Upson v. Badeau

3 Bradf. 13 | N.Y. Sur. Ct. | 1854

The Surrogate.

Upon the final accounting of the executor, an effort was made to charge him with the full amount of the consideration money named in a deed of some real estate belonging to the testator and sold by the executor under a power in the will. The property was sold for $2000, and there was a mortgage on the premises for $1,400, and it is urged that as the deed does not declare that the mortgage constituted part of the consideration, the executor, instead of being only charged the difference, should be held responsible for $2000. The clause in the executor’s deed simply declares an existing fact, that the property is subject to a mortgage, and the conveyance is made subject to it; but whether or not the mortgage is assumed by the grantee as part of the consideration mpney, or whether the statement of the consideration money includes the amount of the mortgage, is not expressed.

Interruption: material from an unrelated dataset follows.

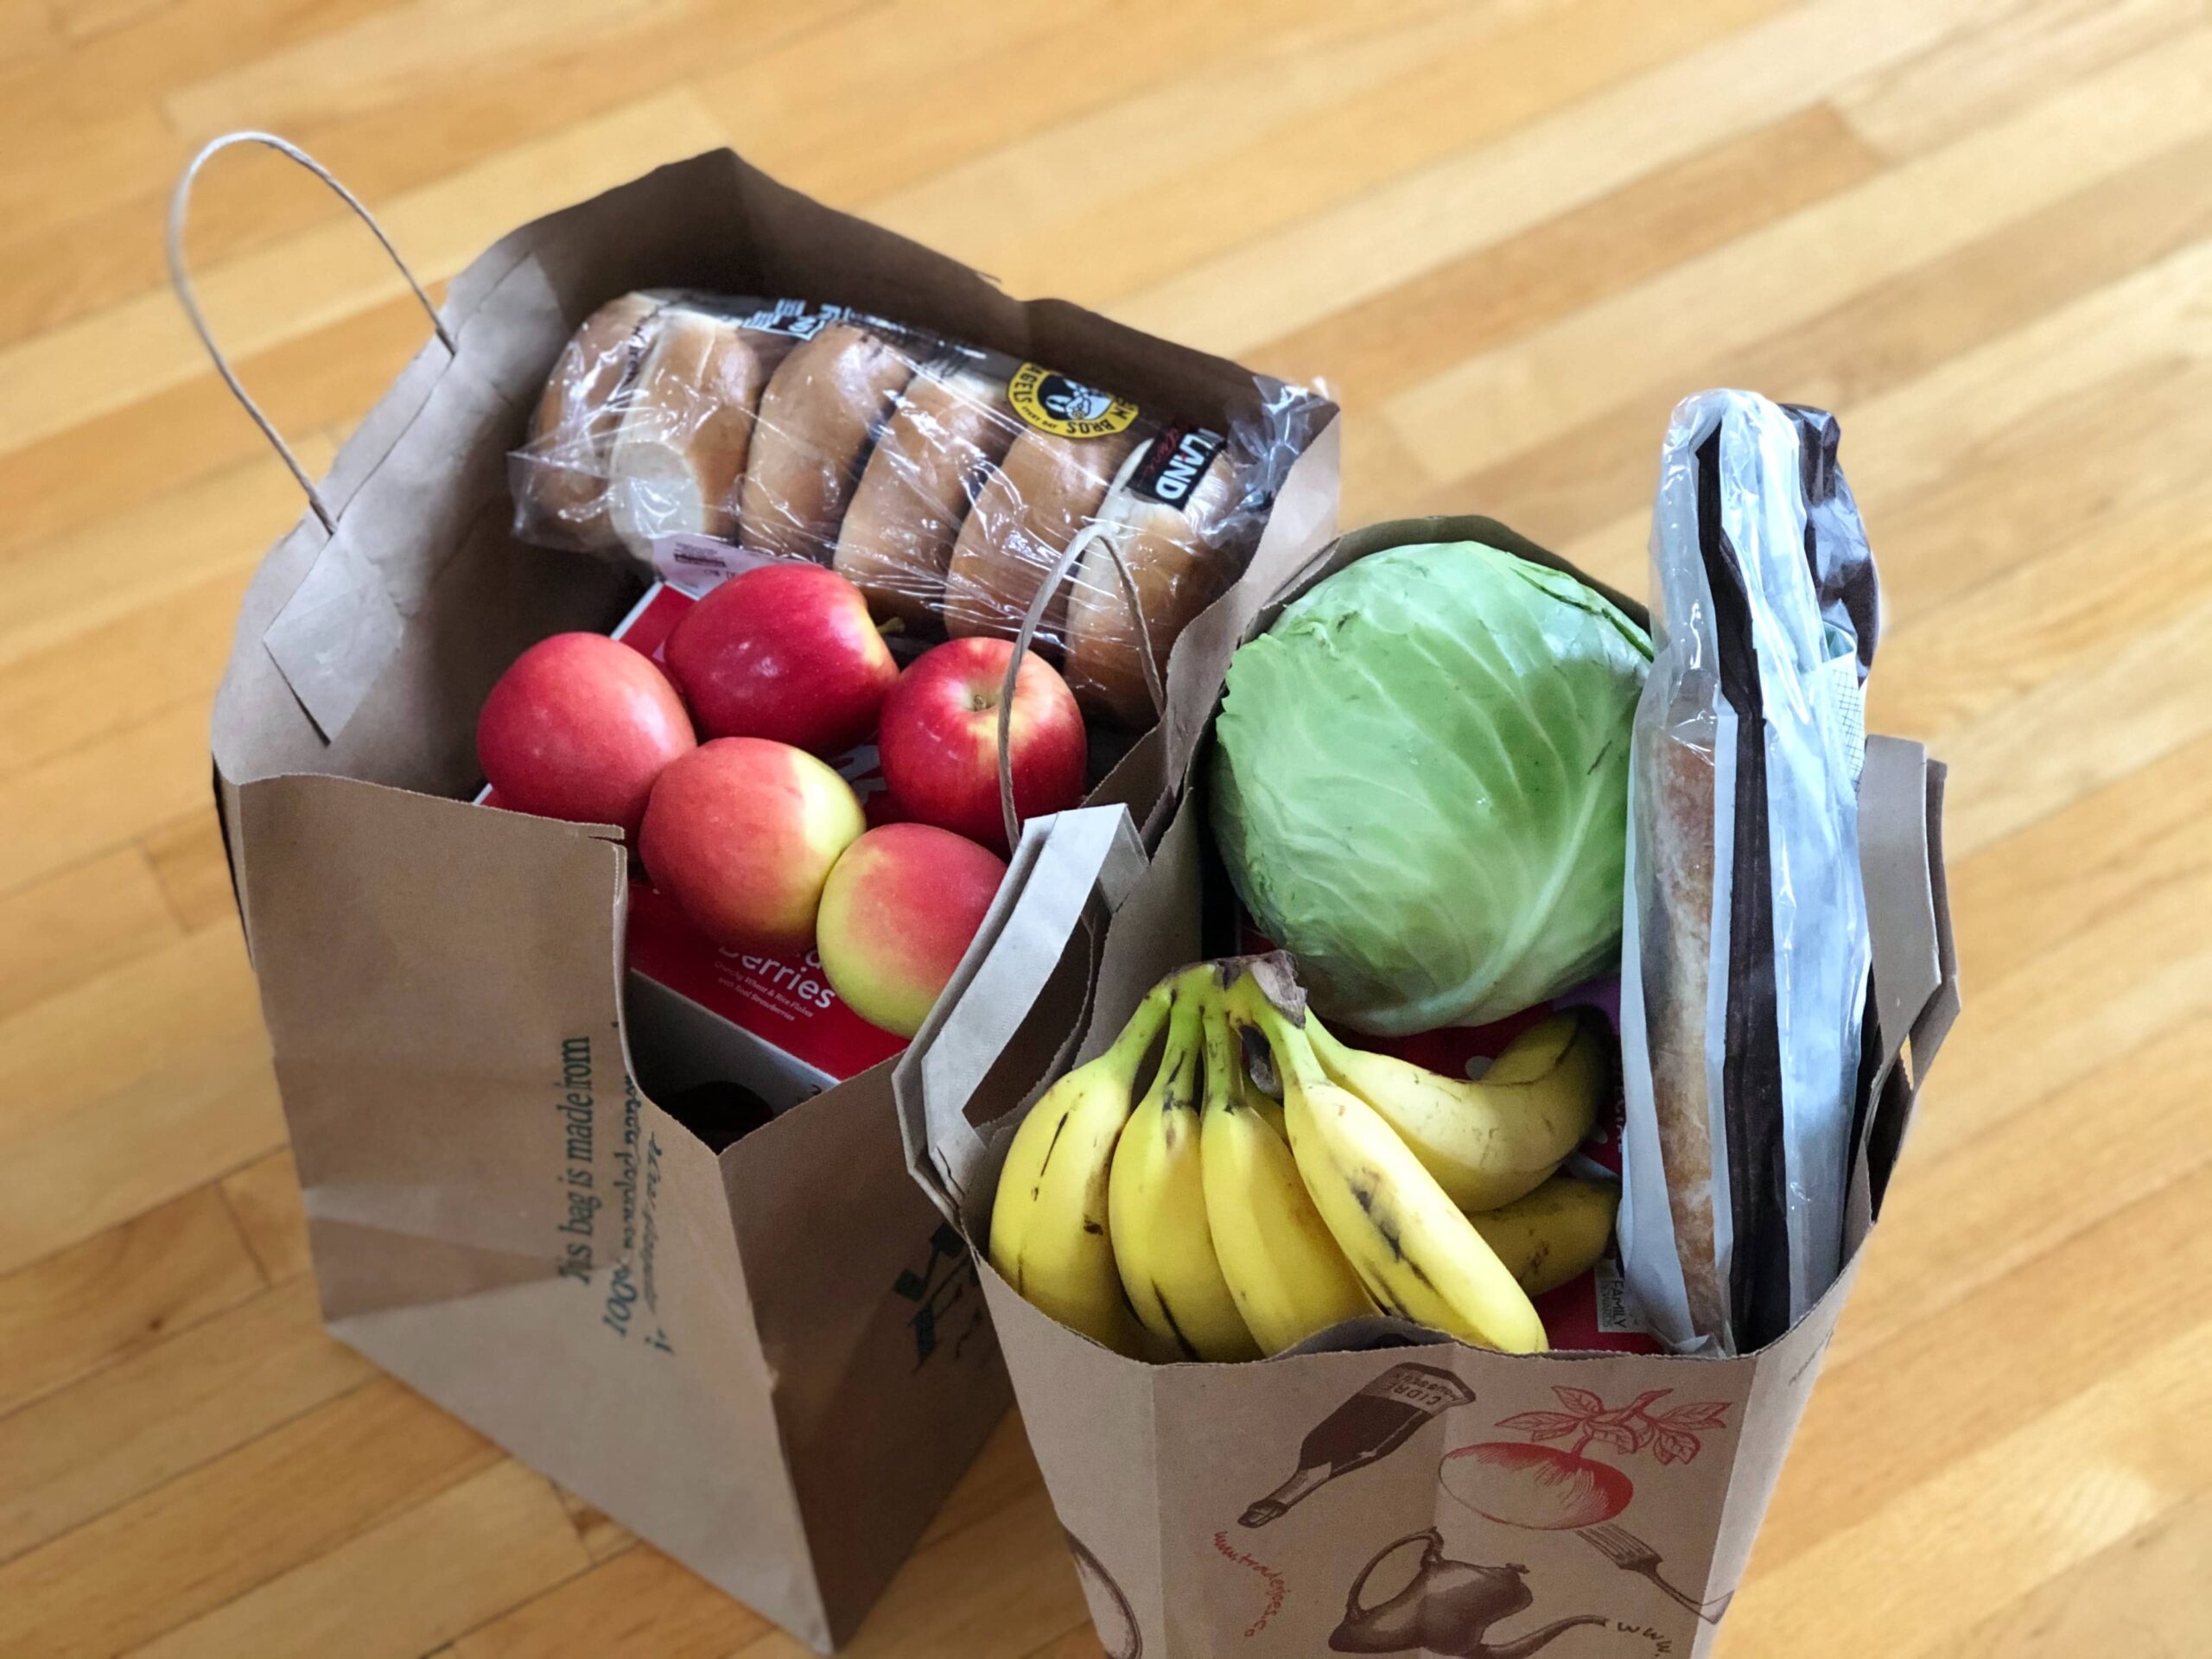 Two full grocery bags with apples, bananas, bagels and cabbage on top

The consideration is named at $2000, and that is not disputed, and the mortgage was for $1,400 and interest, and that is not *15disputed. I think the presumption is that the mortgage was allowed as part of the consideration money—that such is the inference to be drawn from the deed.

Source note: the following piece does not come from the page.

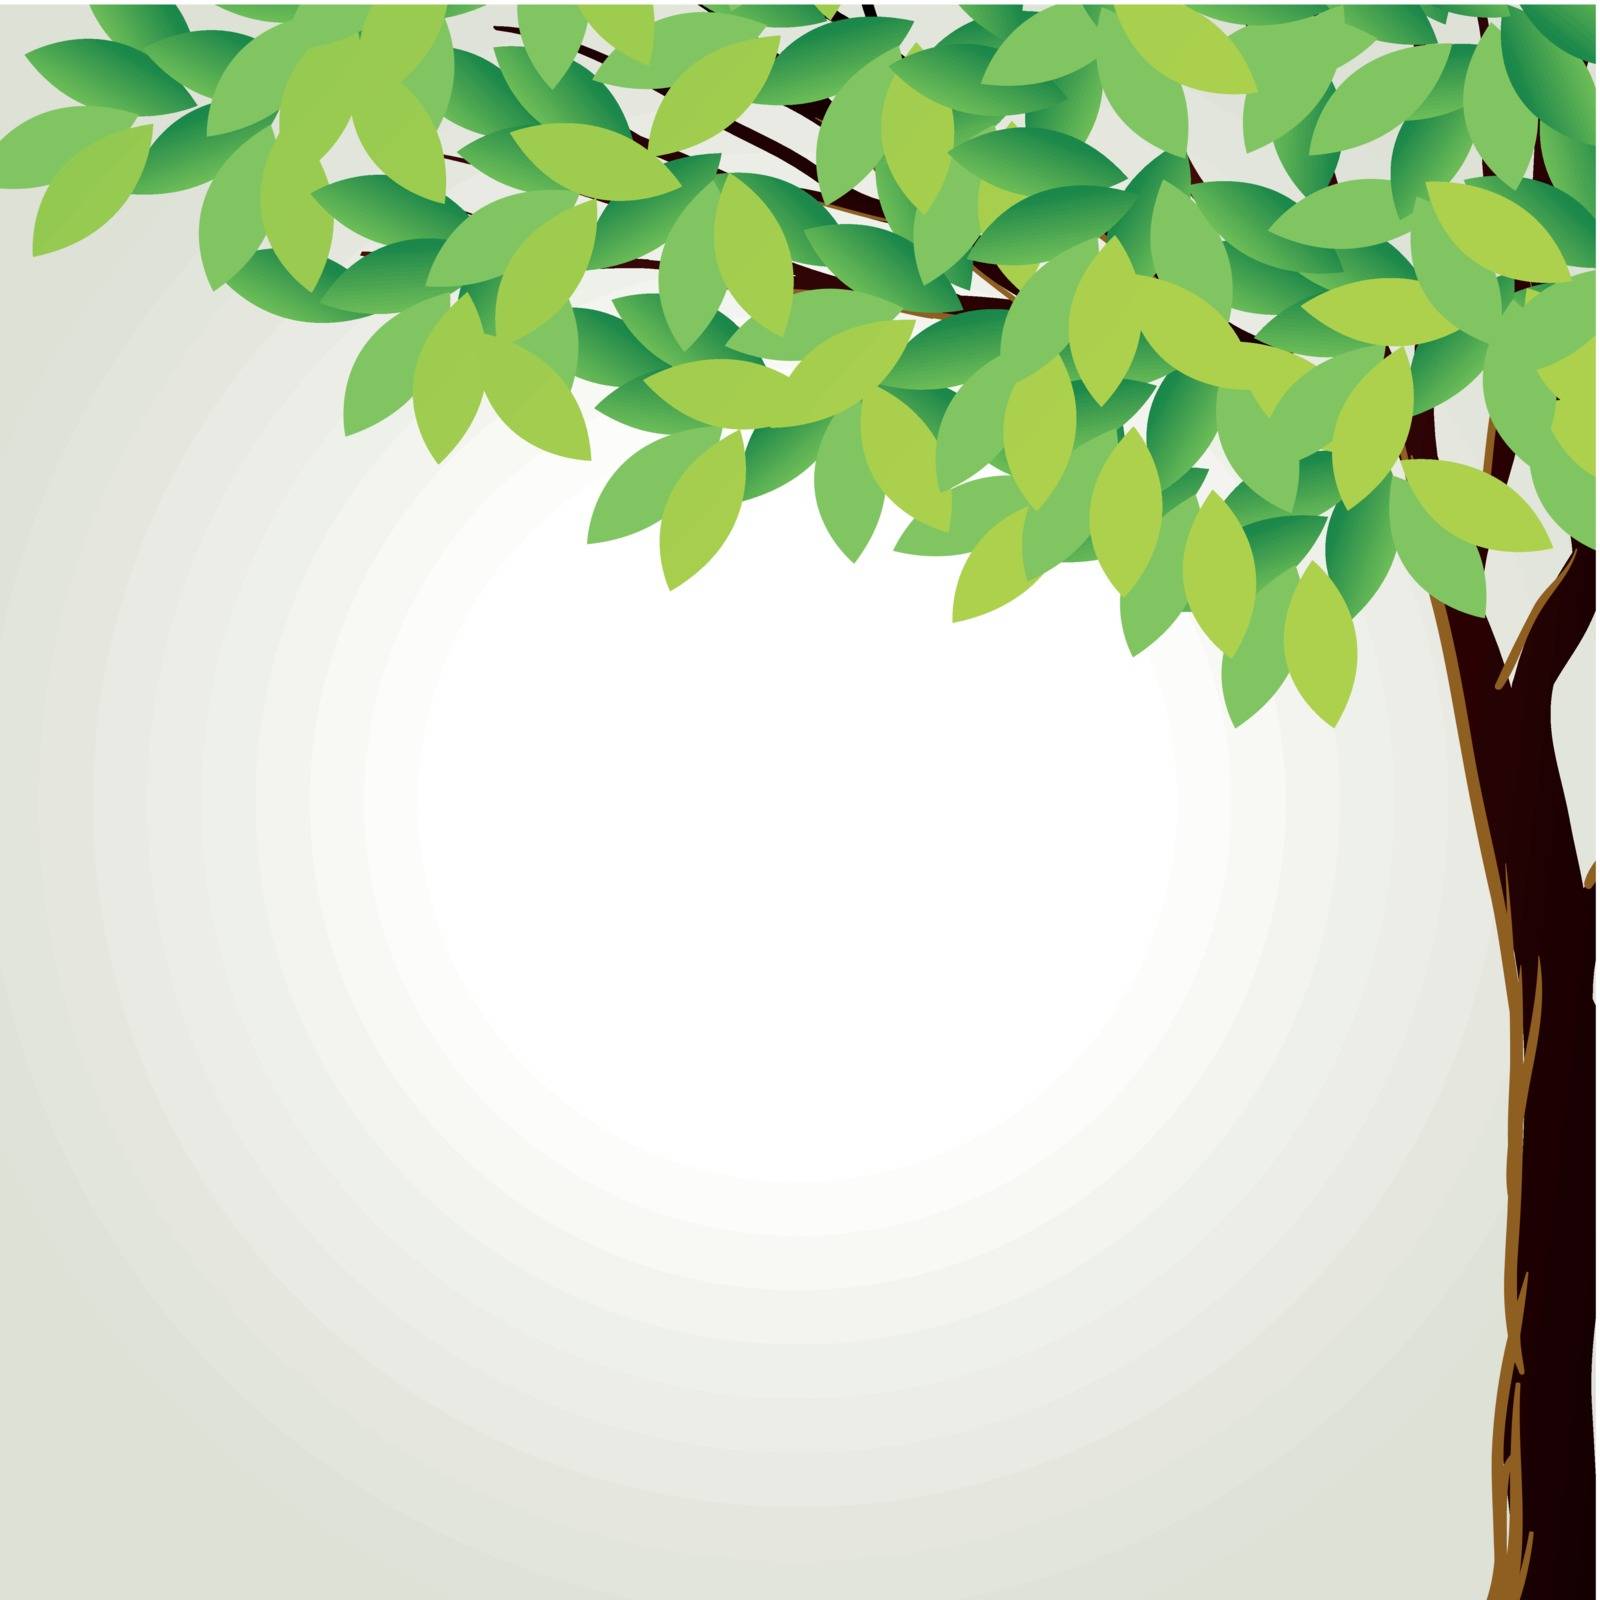 Illustration of a tall tree on a white background

If this were not so, as the question is what was the property sold for, how much did the executor receive, and how much is he bound to account for, he has a right, when evidence is offered to prove that he received a certain sum, to show that the sum so charged was the whole value of the property, and was not in fact all received, but that certain deductions were made. I do not think that the statement in the deed as to the incumbrance expresses whether the amount of it was included in or excluded from the statement of the consideration money ; but if it did, I am of opinion it would still be competent for the executor to show the error, have the mistake corrected, and his liability restricted to the amount really received. (M’Crea vs. Purmort, 16 Wen., 460 ; 17 Mass., 249.) The question before me is, for what sum did the executor sell, and what sum did he receive. The deed proves he sold for $2000. This is not denied, but the executor claims to prove that he did not receive the $2000, in consequence of a mortgage to which the property was subject. He does prove this, and establishes that the property was not worth more than $2000; that it was sold for that sum, and the agreement was to pay the mortgage out of it; and yet it is sought, in face of all these facts, clearly proved, and indeed uncontroverted, to mulct the executor in the sum of $1,500, for a supposed mistake in the deed. I cannot assent to such a doctrine. In adjusting the accounts of executors, this court is governed by principles of equity as well as of law, and even attaching to the recital in the deed of conveyance the consequences the counsel for the legatees urges, it is at all times competent for the executor here, as in a court of equity, unimpeded by technical rules, to show the fairness of his dealings—the real nature of the transaction, and the amount for which he should, in fact, be held liable. Upon any other rule he might be made the victim of a mistake while acting as a trustee and honestly discharging his duty.